In June of this year, an alliance that included Cascadia Wildlands, Center for Biological Diversity, Oregon Wild and Portland Audubon submitted petitions that asked both the Oregon Department of Fish and Wildlife (ODFW) and the Oregon Board of Forestry to take new measures to better identify and protect forest areas for the marbled murrelets,
The petition to the ODFW asks that the bird be “uplisted” to “endangered” status so it will receive greater protections than it receives as simply “threatened.”
The second petition, to the Board of Forestry, asks the agency to identify and protect important forest sites critical to the murrelets’ survival.
Both petitions direct the state to change its course. As Cady says, “Not only has the state failed to take any meaningful measures to recover and protect murrelets, the state itself… is primarily responsible for the recent dramatic loss in breeding habitat.”
AN ONGOING STRUGGLE
“We live in a state where Oregonians treasure our old-growth forests and wildlife, but where there is a growing gap between the public’s values and the actions of our politicians and state agencies,” says Tierra Curry, a senior scientist with the Center for Biological Diversity.
When state agencies and state laws degrade the forest environment, groups like Cascadia Wildlands feel they have few options other than taking legal action. “It has been impossible to address these issues directly in the legislature without being immediately shut down,” Cady says. “Even in the face of huge public health concerns and death, reform has not come.
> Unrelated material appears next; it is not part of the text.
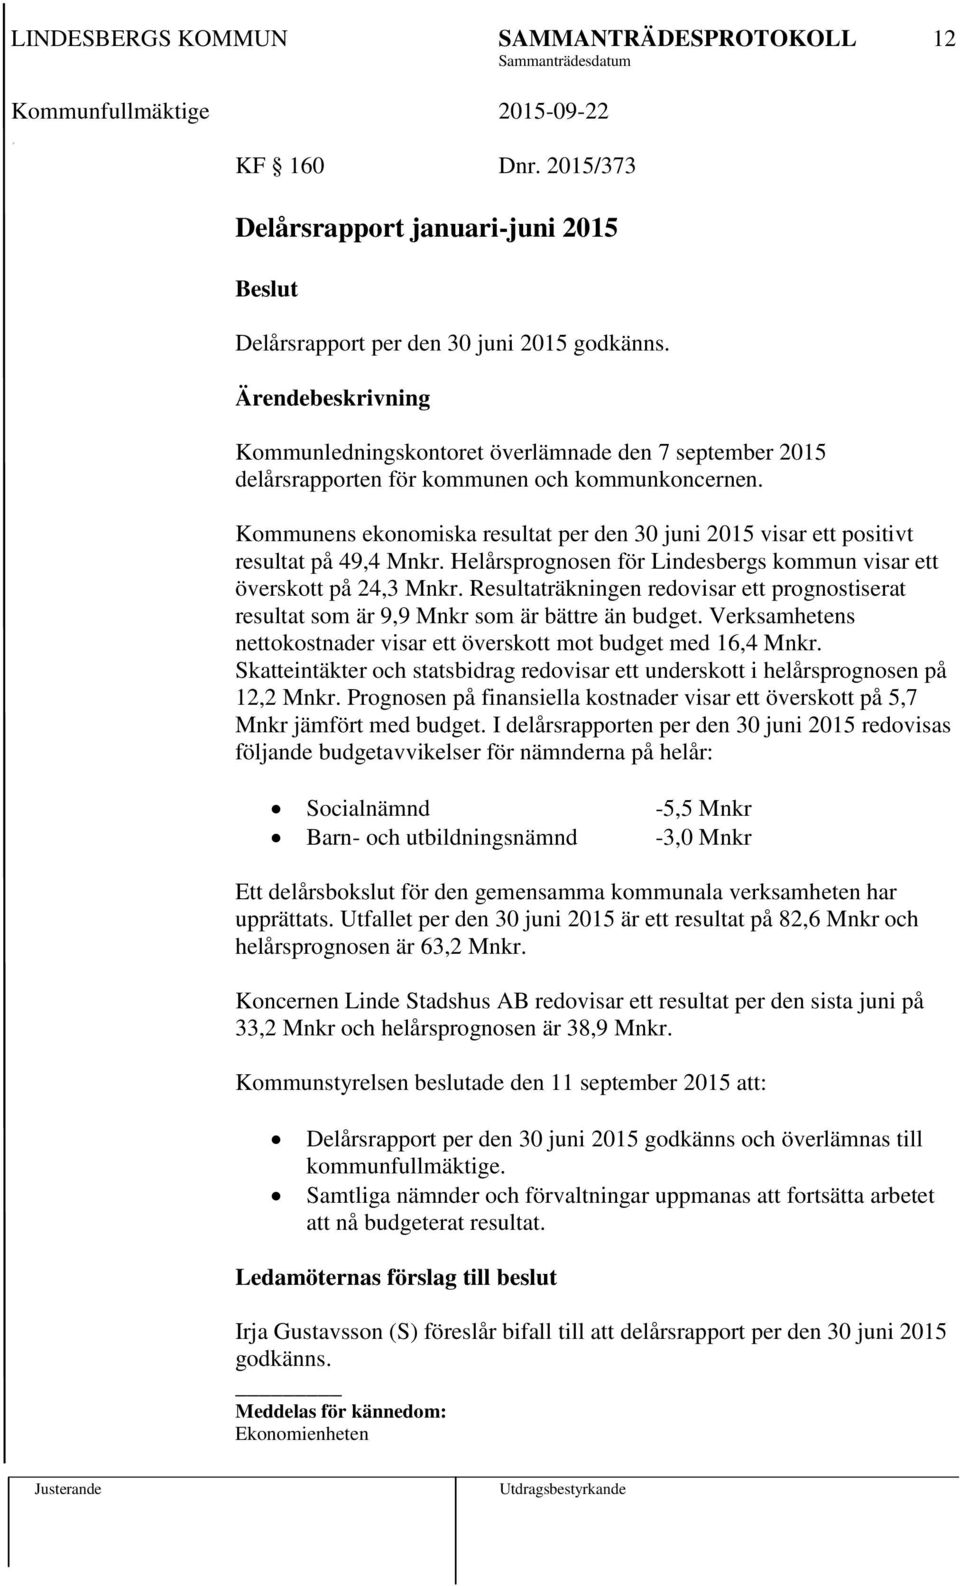 Helårsprognosen för Lindesbergs kommun visar ett överskott på 24,3 Mnkr. Resultaträkningen redovisar ett prognostiserat resultat som är 9,9 Mnkr som är bättre än budget.

He says this happens because the timber industry contributes heavily to political figures on all sides of the aisle in Oregon.” It is estimated that logging interests donated almost $600,000 to legislators in the 2014 election season.
Continued lack of political will and legislative inaction predicts an Oregon where decisions about air and water quality, fish, wildlife and human health are not made in the best interest of those who live here. And advocates for forests will continue to take to the courts.